Tuesday, November 18, 2008

November is Diabetes Month

With Thanksgiving just a week away, it is tempting to think of all the tasty treats that the holiday offers. However, if you are a diabetic, a holiday without pies, cookies, and cakes is not nearly as fun. As well as hosting one of America's most popular holidays, November also marks National Diabetes Month.
People with diabetes also need to check their feet on a daily basis. Small problems, if left untreated, can turn into big problems that require major medical interventions. To prevent this, it’s a good idea for diabetics to get regular check—ups at our office.
If you have diabetes and feel leg pain at night, or after exercising or walking, that could indicate a blocked artery. Get medical attention right away.
To protect your feet, wear socks that aren’t tight or constricting. Always wear shoes or slippers, and shake them out before you put them on. People with diabetes may have nerve damage and may not be able to feel sharp objects, which could cut them. Because diabetes causes poor circulation, it reduces the body’s ability to heal from even a tiny cut.
You can also support a family member who has diabetes by encouraging them to do the following check, or offering to help them:
· Inspect diabetic feet daily for cuts, redness, and drainage. Watch to see if toe nails have become deformed, discolored, or are not growing.

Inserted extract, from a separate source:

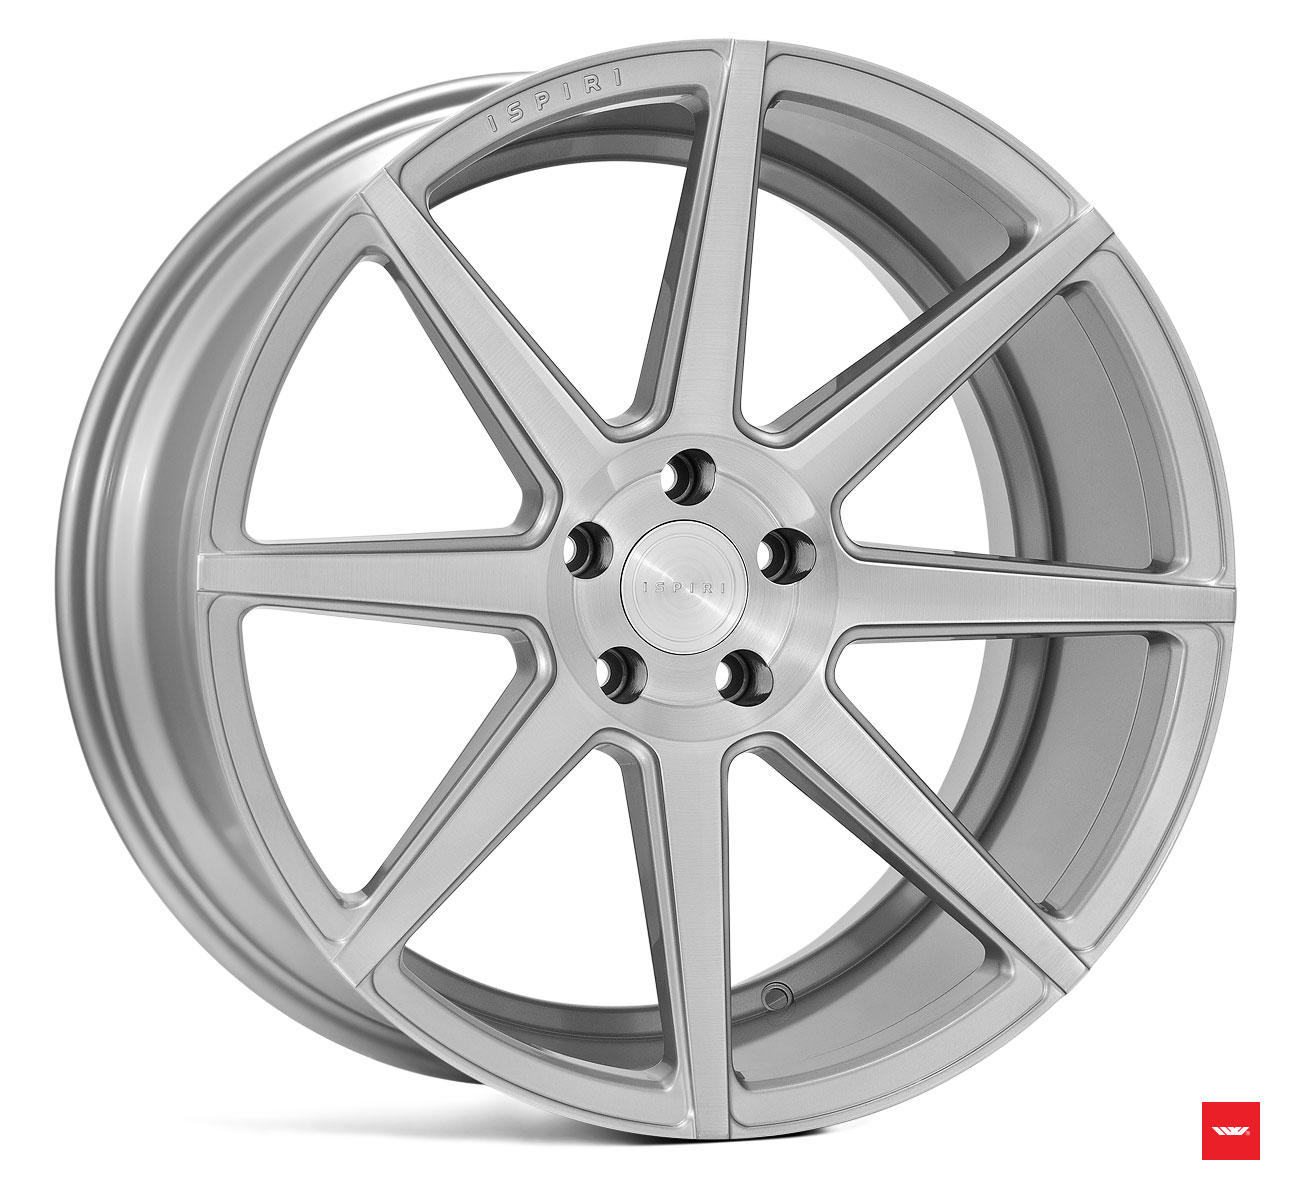 NEW 20" ISPIRI ISR8 ALLOY WHEELS IN PURE SILVER BRUSHED WITH DEEPER CONCAVE 10.5" REARS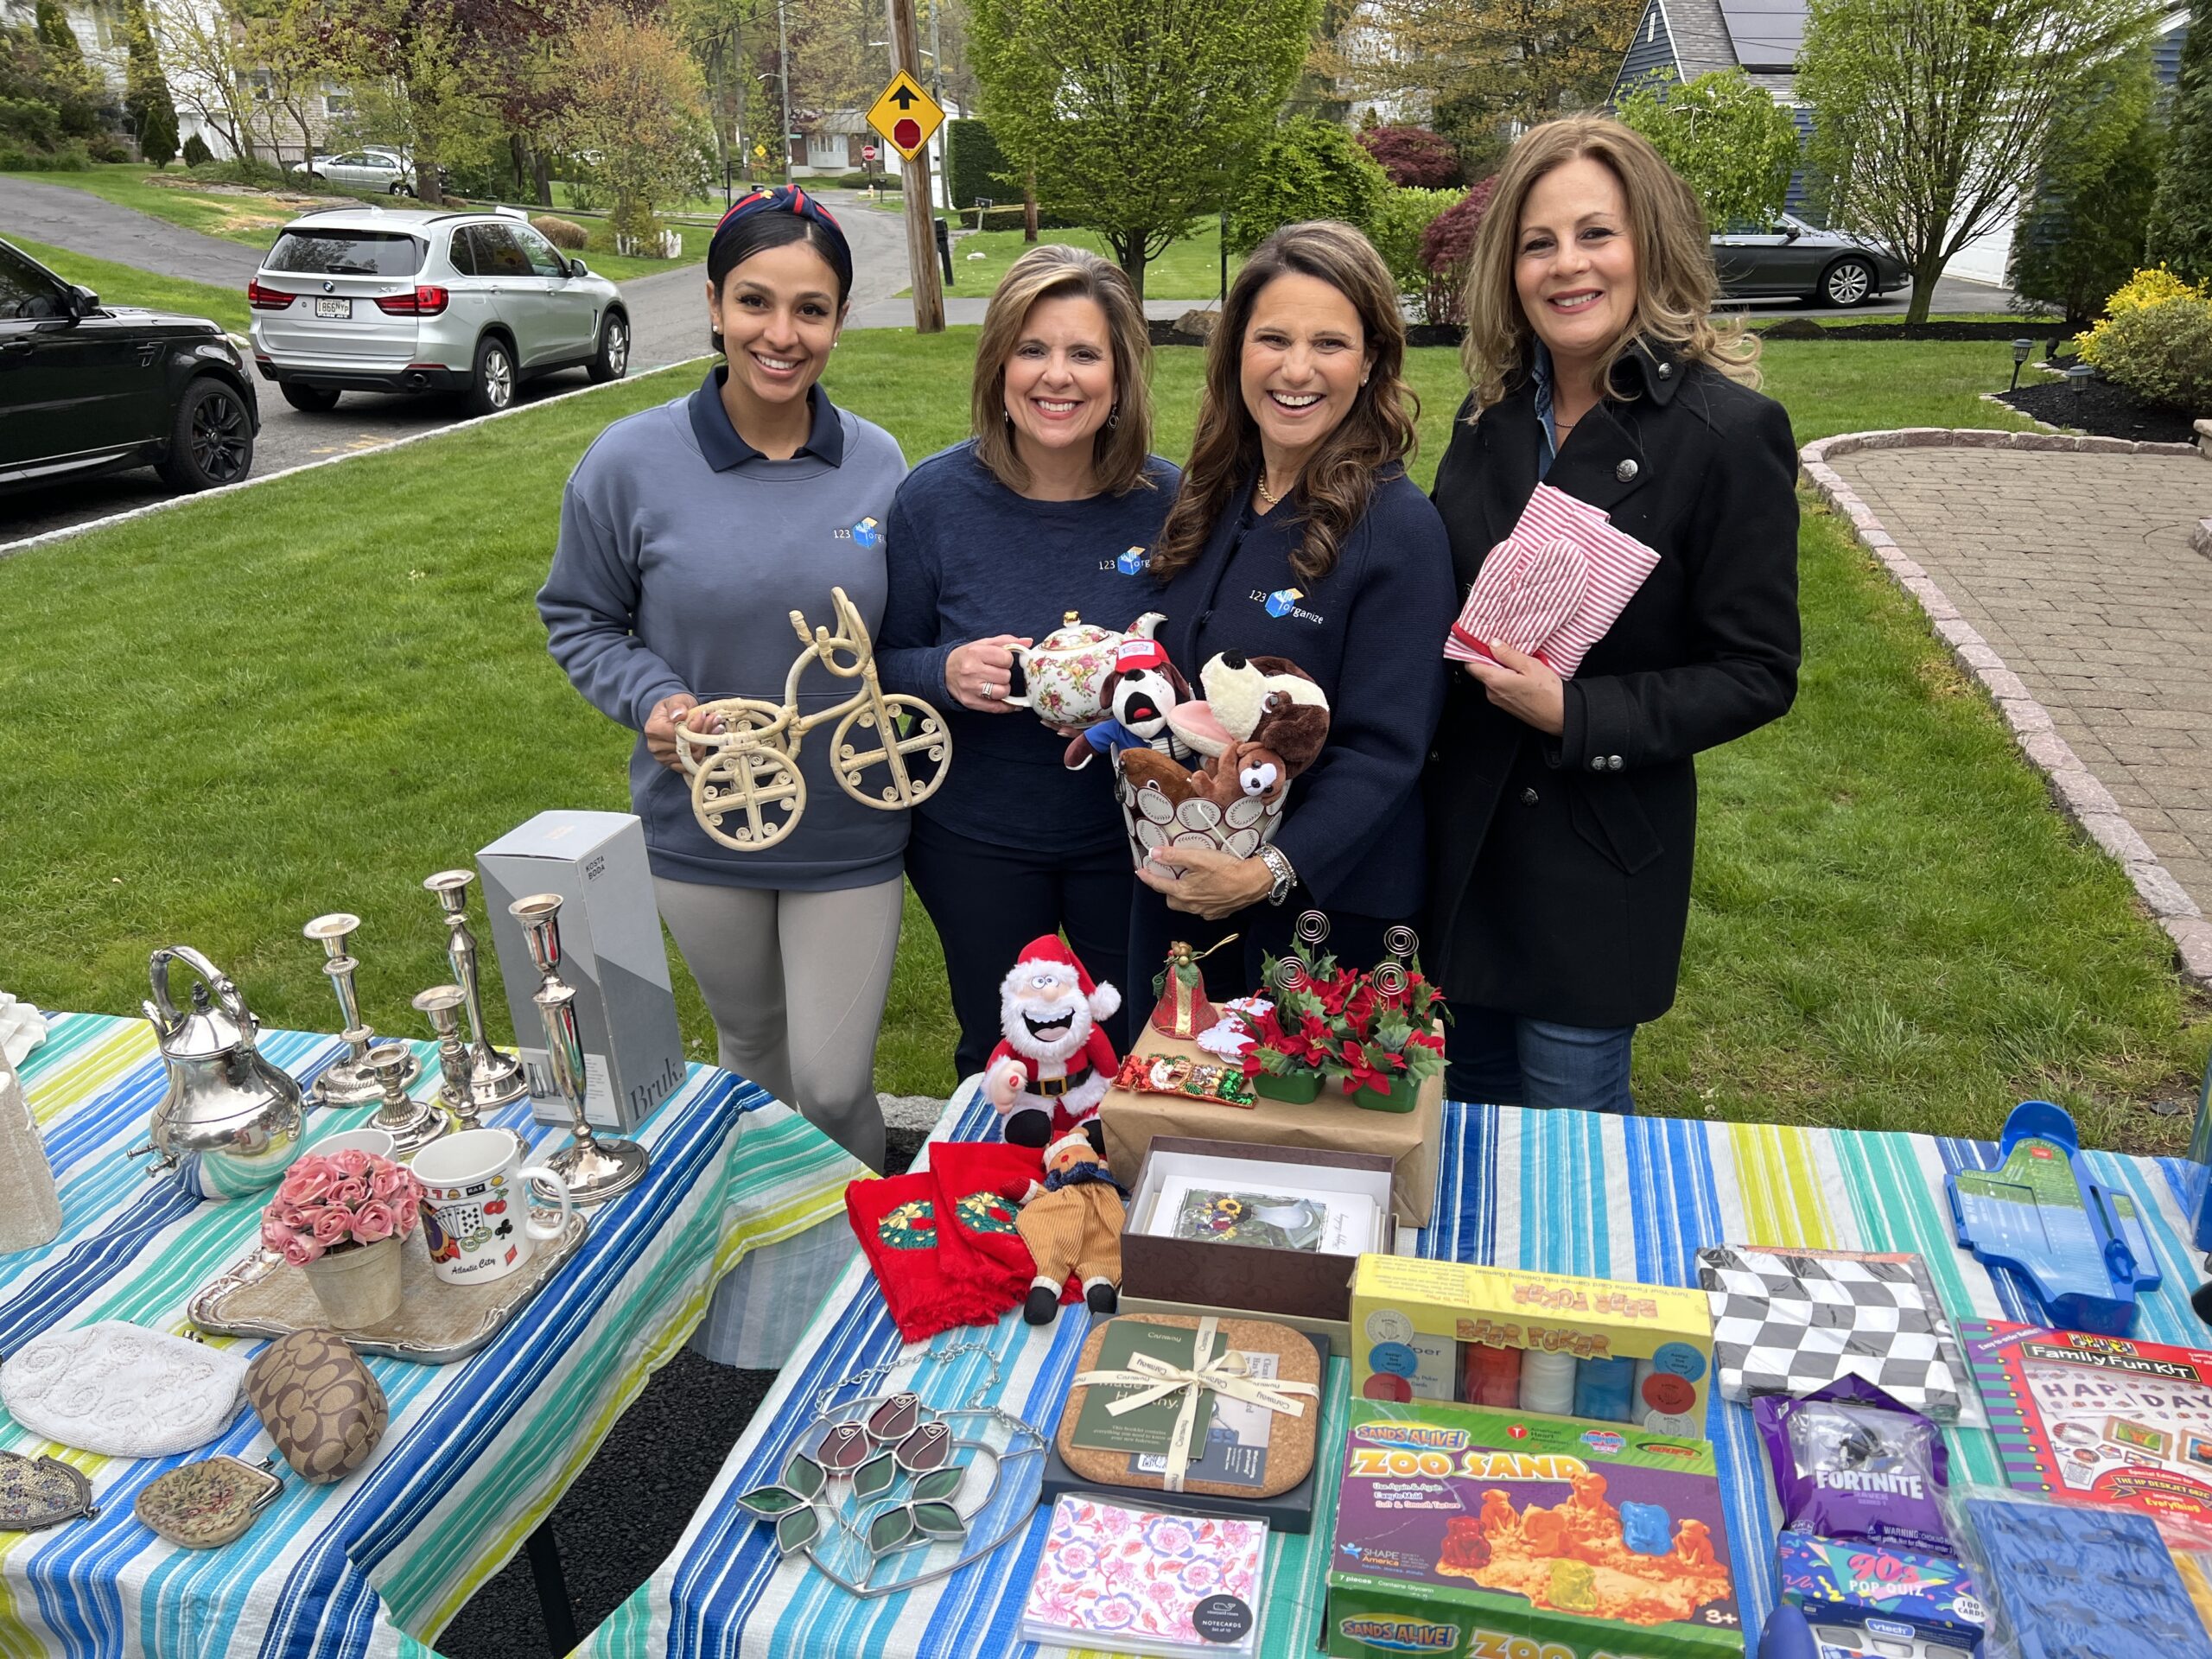 News 12 Garage Sale with Janice Lieberman on The Real Deal

· Look for toes which appear pink, red, or purplish, which may be a sign of poor circulation.
· Notice any corns or calluses caused by shoe friction, but don’t trim these due to the risk of injury or infection. Make an appointment with our office instead.
Call our office if you notice any signs of trouble, and, if you have diabetes, remember to keep a healthy eating plan in mind when you smell that pumpkin pie.